D'après un scoliaste d'Euripide, le Sphinx (mot féminin en grec) serait une des femmes qui furent frappées d'un délire furieux en même temps que la fille de Cadmus. Après sa folie, elle aurait subi cette étrange métamorphose. Nous ne parlons pas ici de l'opinion de Pausanias, lequel voit dans ce monstre, évidemment égyptien, une fille naturelle de Laïus, qui s'était emparée du pouvoir à Thèbes. On sent que cette explication, aussi peu naturelle que les généalogies qui précèdent, est due aux esprits curieux et précis des derniers âges qui s'efforçaient de relier le Sphinx à l'ensemble de la mythologie grecque. Pour l'y attacher plus étroitement, ils prétendaient que les Muses elles-mêmes avaient pris soin d'instruire cet animal difforme, et que Laïus lui avait révélé les oracles sacrés recueillis à Delphes par Cadmus. De là ses surnoms de Sophé (sage), de Poikilodos (qui rend des oracles obscurs), de rhapsodos (rhapsode).
En Béotie, on connaissait un mode de chant particulier, attribué au Sphinx, et nommé Alyros.


Le Sphinx dans le mythe d'Œdipe

Le Sphinx apparut sur le mont Sphingius ou Phicius (c'est-a-dire du Sphinx), aux environs de Thèbes, peu de temps après qu'Œdipe eut tué son père. Interceptant la route qui conduisait dans la capitale de la Béotie, il proposait des énigmes aux passants, et dévorait ceux auxquels leur esprit obtus ne permettait pas de deviner le sens de ses gryphes. Hémon, fils de Créon, et Hippius, fils d'Eurynome, périrent de la sorte, ainsi que beaucoup d'autres infortunés. Les Thébains, ayant promis la main de Jocaste et le pouvoir souverain à celui qui les délivrerait de ce fléau, Œdipe se présenta:
« — Quel est, lui dit le Sphinx, l'animal qui a quatre pieds le matin, deux à midi, et trois le soir?
— C'est l'homme, répondit Œdipe: dans son enfance il se traîne sur les pieds et les mains, et dans sa vieillesse il s'appuie sur un bâton. »
Alors, et conformément à la décision de l'oracle, le Sphinx se jeta dans les flots. On ne saurait fixer l'époque de l'introduction de ce mythe étranger dans la fable grecque. Il est certainement postérieur à Homère.
Du temps de ce poète, les traditions relatives à Œdipe n'avaient pas encore acquis l'importance qu'elles eurent plus tard dans les compositions des tragiques, et l'Iliade, ainsi que l'Odyssée, ne font aucune mention du Sphinx, création égyptienne importée en Grèce, sans doute par suite d'une confusion entre les deux villes de Thèbes. L'art égyptien a toujours représenté cet animal fabuleux sous la forme d'un lion (sans ailes) couché, ayant la tête et le buste d'un homme. On trouve, du reste, dans les monuments de ce pays, des Sphinx de plusieurs modèles.
Hérodote les désigne par l'épithète d'Androsphinges, pour les distinguer des Criosphinges ou Sphinx à têtes de bélier et à corps de lion, qu'on rencontrait en assez grand nombre en Egypte. Parmi les premiers, qu'on plaçait devant les temples sur deux lignes parallèles, le plus remarquable par ses énormes dimensions, est celui de Giséh, taillé tout entier, aux pattes près, dans un roc gigantesque.
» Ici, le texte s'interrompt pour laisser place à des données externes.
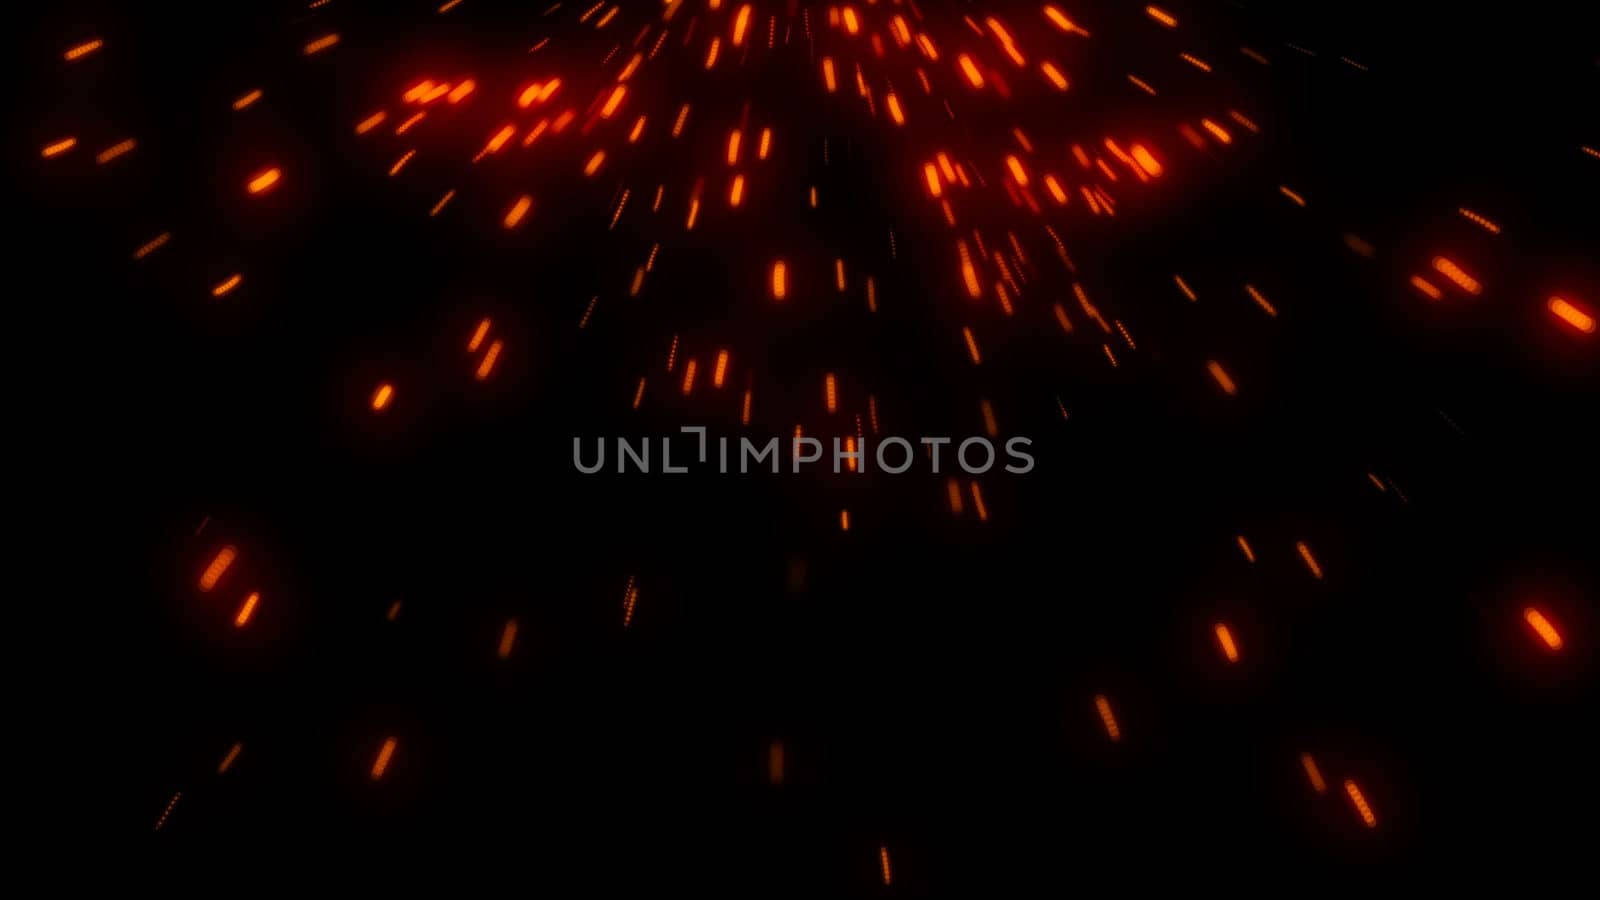 Hot glowing embers. Digital illustration. 3d rendering
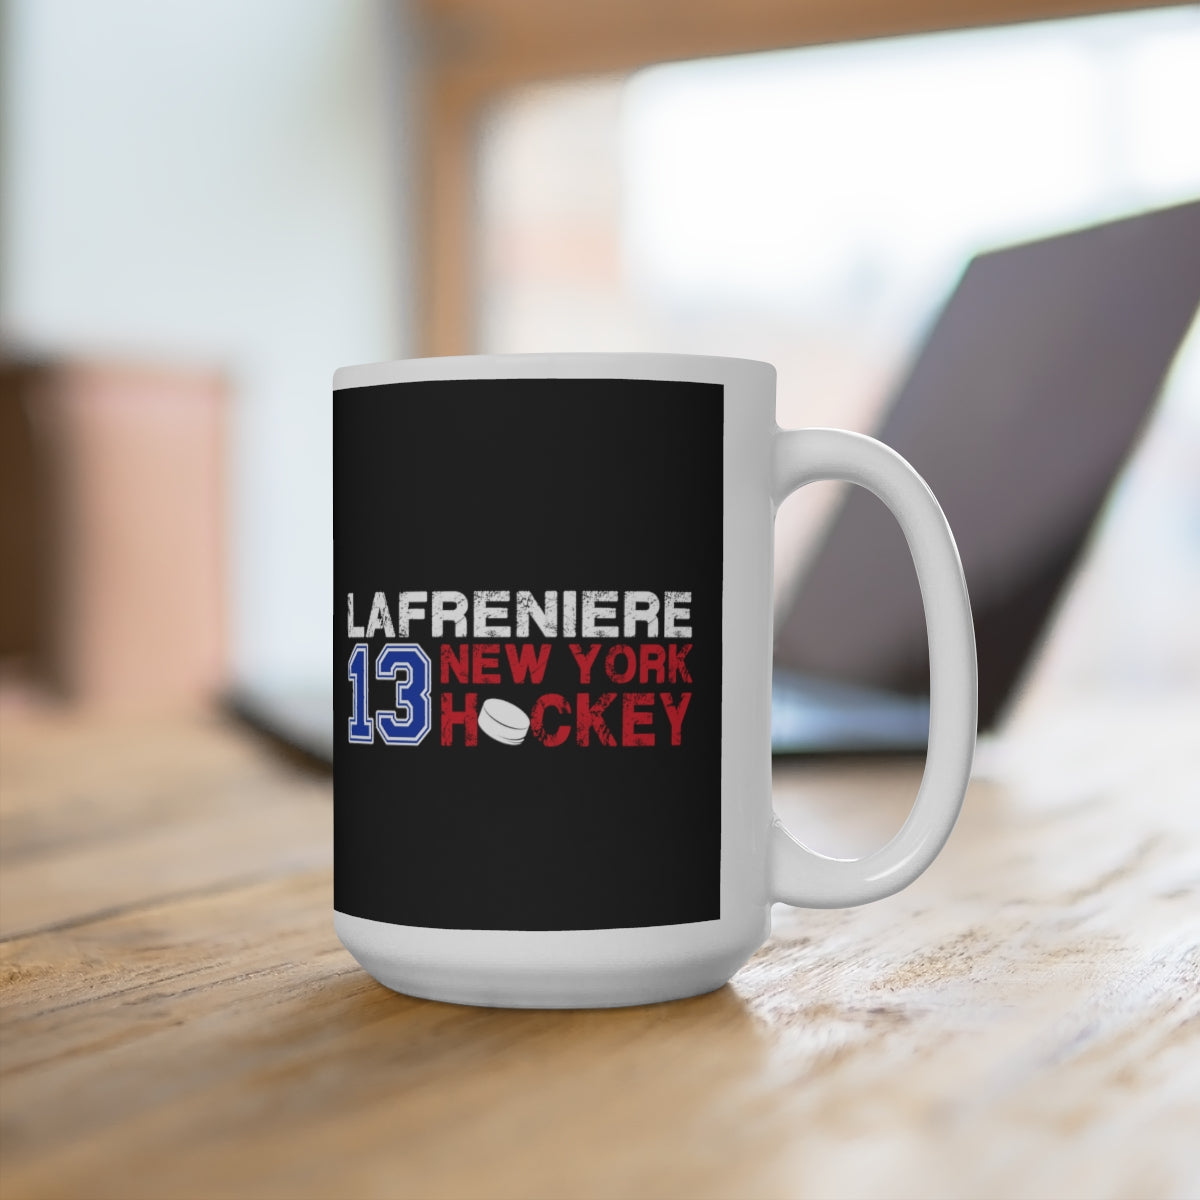 Lafreniere 13 New York Hockey Ceramic Coffee Mug In Black, 15oz

Les représentations du Sphinx

Les grecs ne se conformèrent pas rigoureusement à l'idéal tracé par l'art égyptien. Pour eux, le Sphinx fut une jeune fille à corps de lion, munie d'ailes et tantôt couchée, tantôt représentée dans diverses autres positions. Du reste, les poètes et les sculpteurs se donnèrent pleine latitude pour varier les éléments principaux et secondaires dont se composait ce bizarre assemblage. Ainsi, le Sphinx a souvent la figure d'une vierge, la poitrine et les griffes d'un lion, la queue d'un serpent et des ailes ; ou bien une tête de lion, un corps d'homme, des griffes de vautour et des ailes d'aigle. On le trouve encore figuré avec un corps de chien.
Des bas-reliefs, des bronzes où il apparaît comme ornement, quelques médailles, entre autres celles de Chio, offrent de nombreuses représentations du Sphinx.